These are the boundaries that city policy and the police administration worry about employees crossing. The department has a 2½ page guideline in their general orders explaining how employees may use social media like YouTube in their private lives.
Among the prohibited postings: “Any act or statement, or any other form of speech that ridicules, maligns, disparages, or otherwise indicates bias against any race, religion, color, ancestry, national origin, ethnicity, disability, gender, sexual orientation, gender identity, familial status, marital status or other protected status.”
I spoke with Chief Chris Magnus and his chief of staff, Mike Silva, Thursday, and they explained it’s a complicated area of rules and laws, with plenty of gray area.
“The general rule is, in their individual capacities, members can speak on what the law calls issues of public concern,” Silva said.
But there are special worries for officers who post online and may be grilled by a criminal-defense attorney in court.
“Officers can put themselves in a bad place in terms of their own credibility in terms of providing testimony,” Silva said. “They can create their own impeachment material by going off and pontificating.”
Magnus weighs in occasionally on social media, usually about police issues and occasionally critical of President Trump or his administration. He said officers just need to work to stay within the bounds laid out by the rules.
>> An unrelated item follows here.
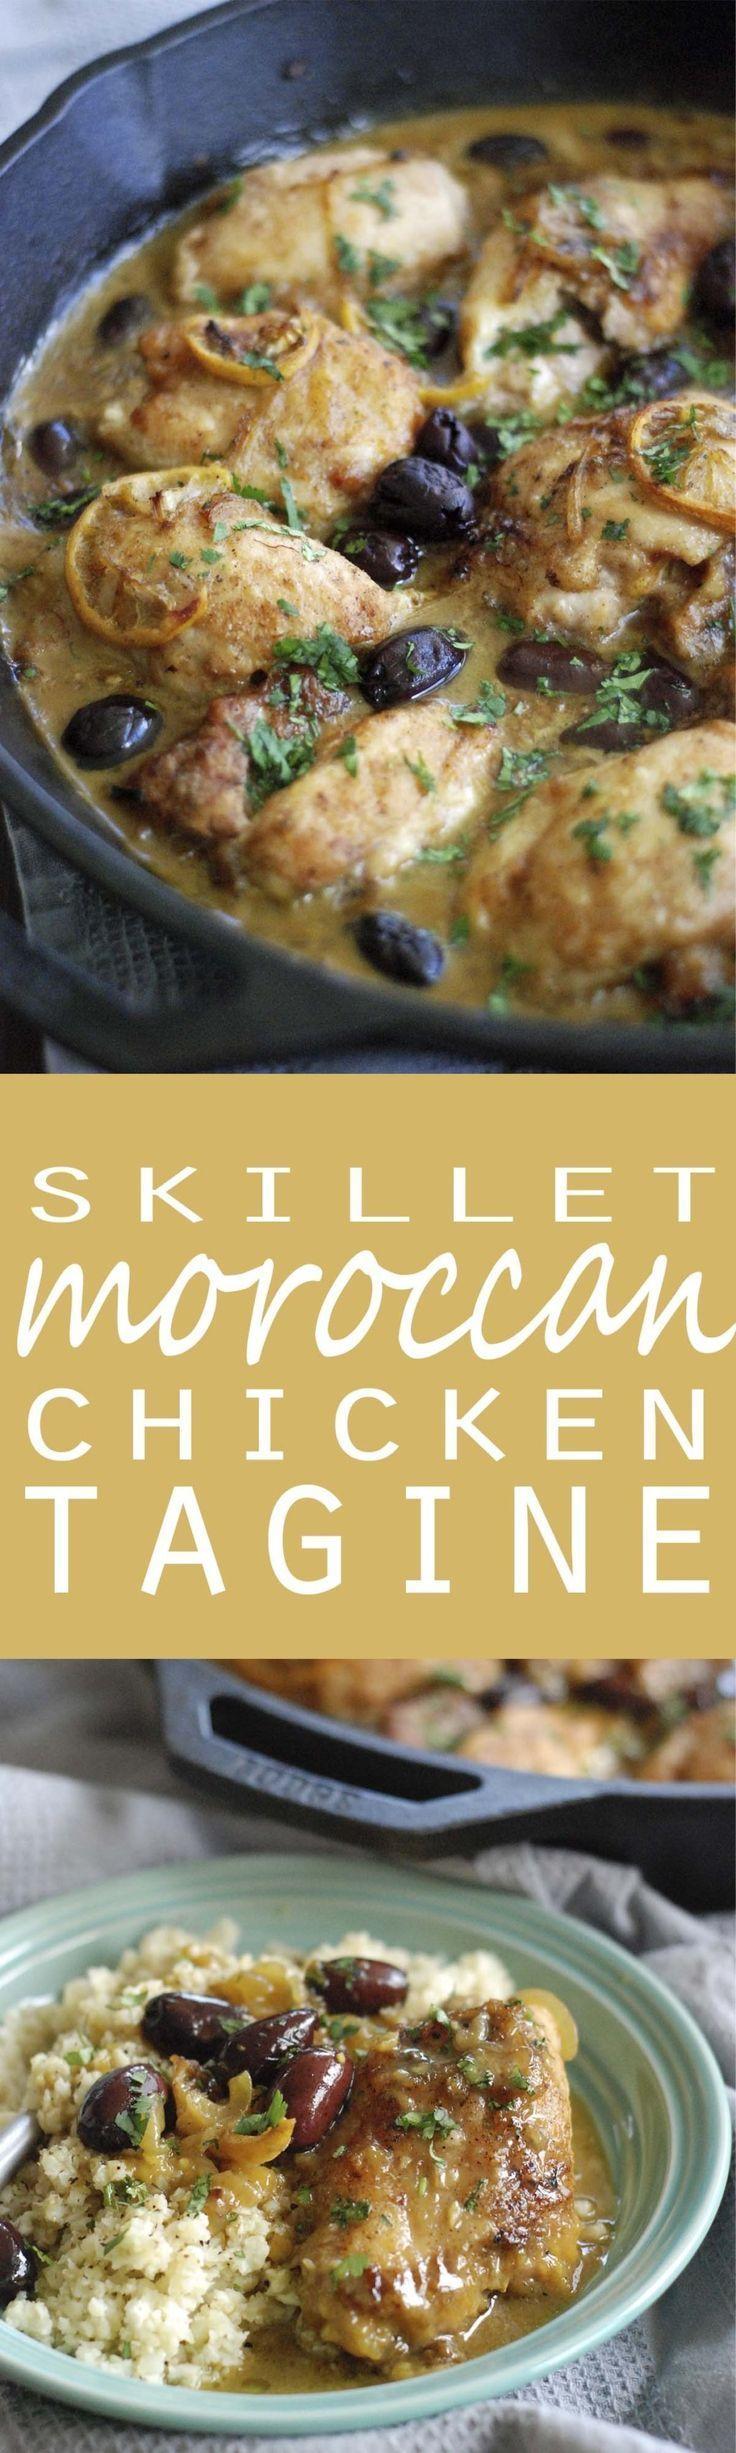 Paleo Skillet Moroccan Chicken Tajine Recipe

“I certainly do not share a good many of his views,” Magnus said of Tatum, “but I have to acknowledge that he’s pretty savvy about the way he does it so as not to find himself on the other side of that line.”
On Thursday, Tatum tweeted out an invitation from Alex Jones, host of the conspiracy-mongering InfoWars show, to be interviewed by Jones. To me, accepting an interview with Jones would be crossing the line into behavior that is unacceptable from a known Tucson police officer.
Among many other conspiracies Jones has promoted is the idea that the mass shooting at Sandy Hook Elementary School in Newtown, Connecticut, was a hoax. His theories have convinced some listeners to go to Newtown and harass parents of children who died in the massacre. Earlier this year, Jones was forced to retract lies he told about refugee “rapists” working at a Chobani yogurt plant in Twin Falls, Idaho.
But even appearing on Jones’ show may be within the rules, Magnus said, as long as Tatum doesn’t present himself as a representative of the department and sticks within the rules in what he says.
That’s too bad.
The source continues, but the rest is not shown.